In humans, CXCL10 was found to be similarly upregulated after ischemic stroke66 and significantly more NK cells were observed in the ischemic hemisphere than the nonischemic hemisphere.57 Interestingly, the PRIME study demonstrated an association between elevated systemic CXCL10 and risk of ischemic stroke in asymptomatic males.67 While studies have shown the deleterious effect of CXCL10 in various systemic inflammatory diseases,68-72 to our knowledge, no human hemorrhagic stroke studies have examined an association between CXCL10 and clinical outcome.

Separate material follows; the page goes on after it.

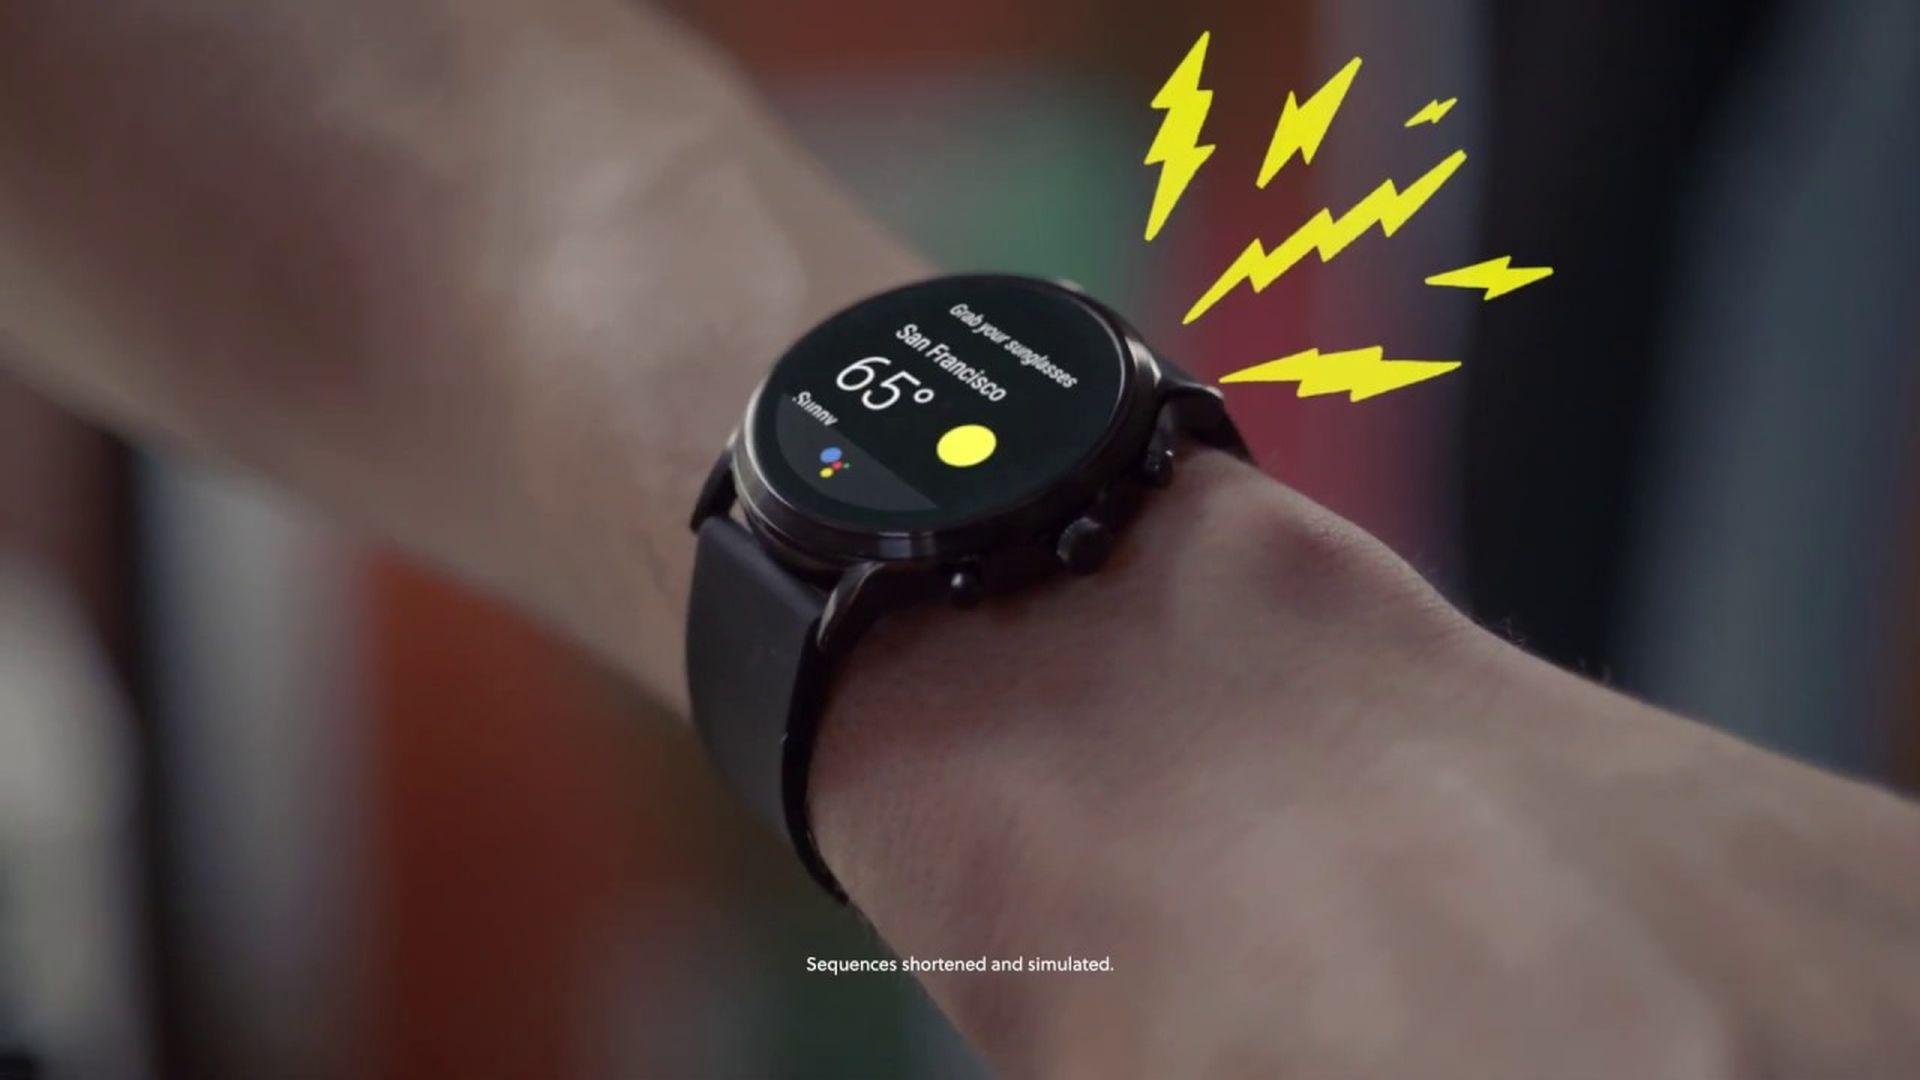 Nowe smartwatche Fossil z rozmowami z zegarka jak w Apple Watchu

Of the fourteen biomarkers examined in our cohort, no other immune factor at any time point demonstrated an association with outcome 90 days after ICH once we controlled for age, gender, ICH volume, IVH, infratentorial location, and NIHSS score. In fact, the majority of factors we attempted to measure were below the limit of detection of our assay in most patients. The distributions of most factors were remarkably skewed, with only a subset of patients showing elevations at any time point. Though it remains unclear whether the concentration of cytokines and chemokines in the serum is correlated with that in the CNS after ICH, these results have important implications for future studies, including trials that aim to explore biomarkers as either patient selection tools or intermediate endpoints for immunomodulatory agents. Given the burgeoning interest in immune biomarkers after ICH, we provide the distributions for all analytes at all time points to inform the planning of future studies. Although the findings could be due to chance due to multiple testing in this exploratory analysis, the effect size was large with these two factors (and nonexistent for the others), there is biologic plausibility for these factors in the pathophysiology of the inflammatory response, and both CCL2 and CXCL10 elevations are consistent with preclinical studies. However, given the multiple factors tested in our cohort, the results would be enhanced by replication in other cohorts with highly sensitive assays.
Summary and Conclusions
In conclusion, after controlling for clinical variables known to influence outcome, elevated serum CCL2 concentration 6 h after ICH and elevated serum CXCL10 concentration 24 and 72 h after ICH were associated with worse functional outcome at 90 days after ICH onset. These results suggest that serum concentrations of both CCL2 and CXCL10 may be useful prognostic indicators at certain time points after ICH and may play a direct role in the progression of secondary injury. Further research is needed to explore the possible mechanisms underlying the described associations and to discern whether there is therapeutic potential in altering the expression of these proteins at specific time points after ICH.
Acknowledgments
The authors thank the patients and families who graciously participated in the study. We also thank the SMASCH physicians and research team members who collected and processed samples at all hours of the day and night and interviewed subjects for outcomes– without their help SMASCH could not have been possible.
Conflicts of Interest
The authors report no conflicts of interest.